Learning a language is not the sum of smaller bits


The first criticism addressed to the PPP model is that it considers language as a
sum of smaller bits that can be taught separately. Language is holistic and
learning is organic (very much like a seed growing) and recursive. It is not linear.
That is, language can’t be sliced into smaller chunks and taught discretely. We
don’t learn one bit of language and then proceed to the next bit and so on and
so forth. When learning a new language point, one may go back in his/her
learning to previously met language features to check consistency with present
learning situations. What is taught to students is rarely retained in an individual
lesson in spite of seeming to be mastered in the course of that lesson.

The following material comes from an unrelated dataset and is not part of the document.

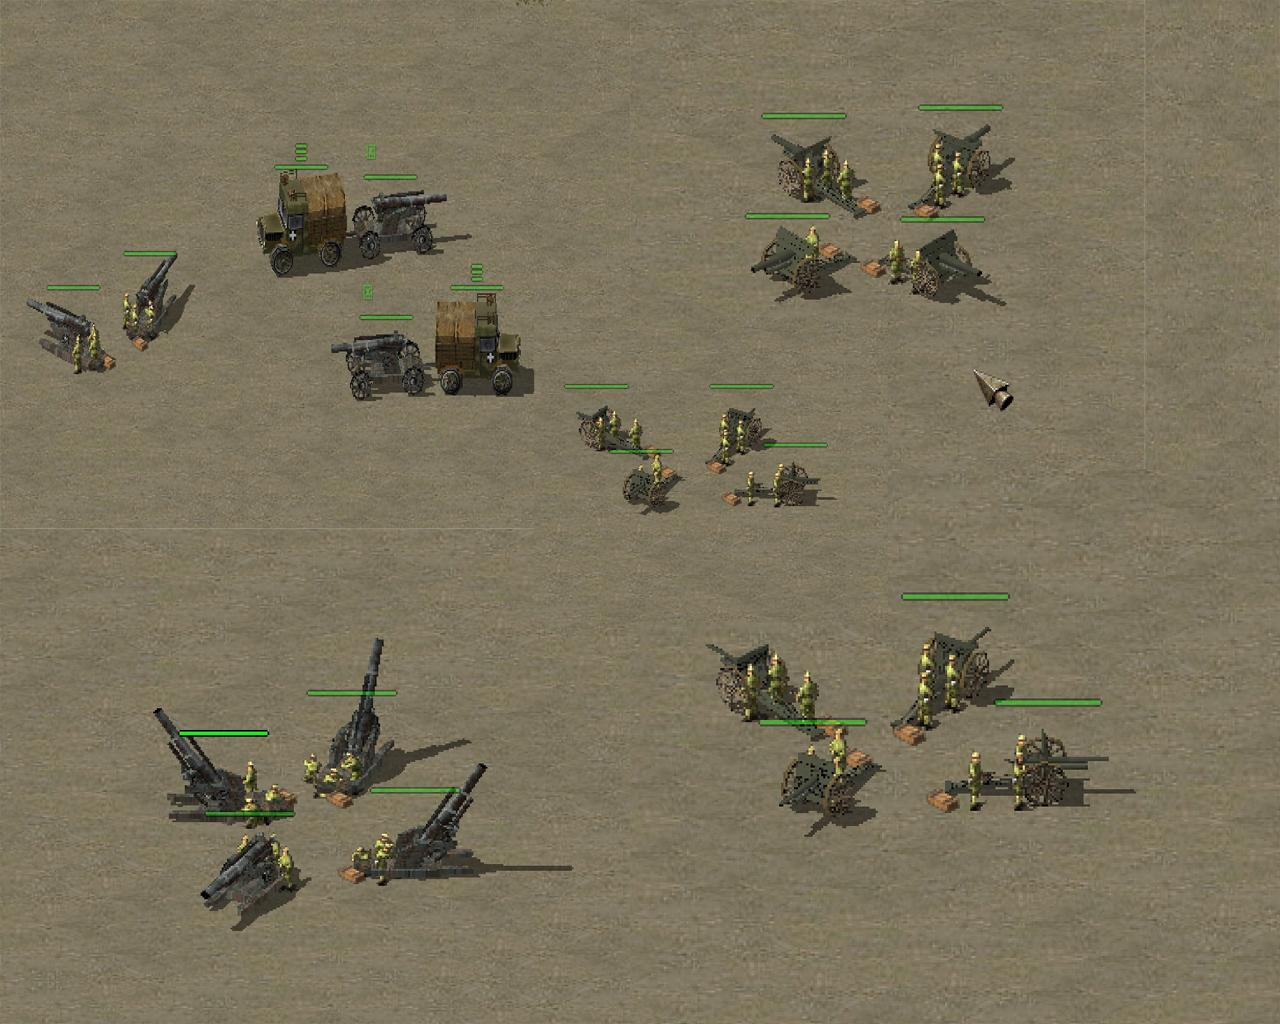 http://gabgames.ucoz.hu/PICTURES/arti1.jpg

Depriving learners of learning opportunities


A second disadvantage of the PPP approach to teaching English is that it limits
learners’ encounter with learning opportunities. In fact, when presenting a bit of
language in isolation, we strip away other important features of language. This
leads to depriving students:

1. from comprehensible input, which might be of use to them


2. and from the opportunity to notice other language items that might be
implicitly ‘acquired’.
Most of the time, learning is incidental. While helping learners to learn, we do
not know for sure what they have actually learned and what is still in the process
of being acquired.

Production
The audio-lingual method, however, doesn’t care much about the last P of the
PPP procedure which is production. After mastering language structures,
students in the audio-lingual method are not given free vent to produce
anything. The aim is only to imitate/repeat, apply/practice, not to produce.

Personalization
The PPP paradigm lacks another (fourth) P: Personalization. We learn the
language to talk about our knowledge, experience, and feelings. The aim is to
be truthful and meaningful. This stage helps learners own, or better appropriate,
the content and relate it to their lives. Students need to connect to the material
taught. Unfortunately, this is missing in the PPP approach to teaching.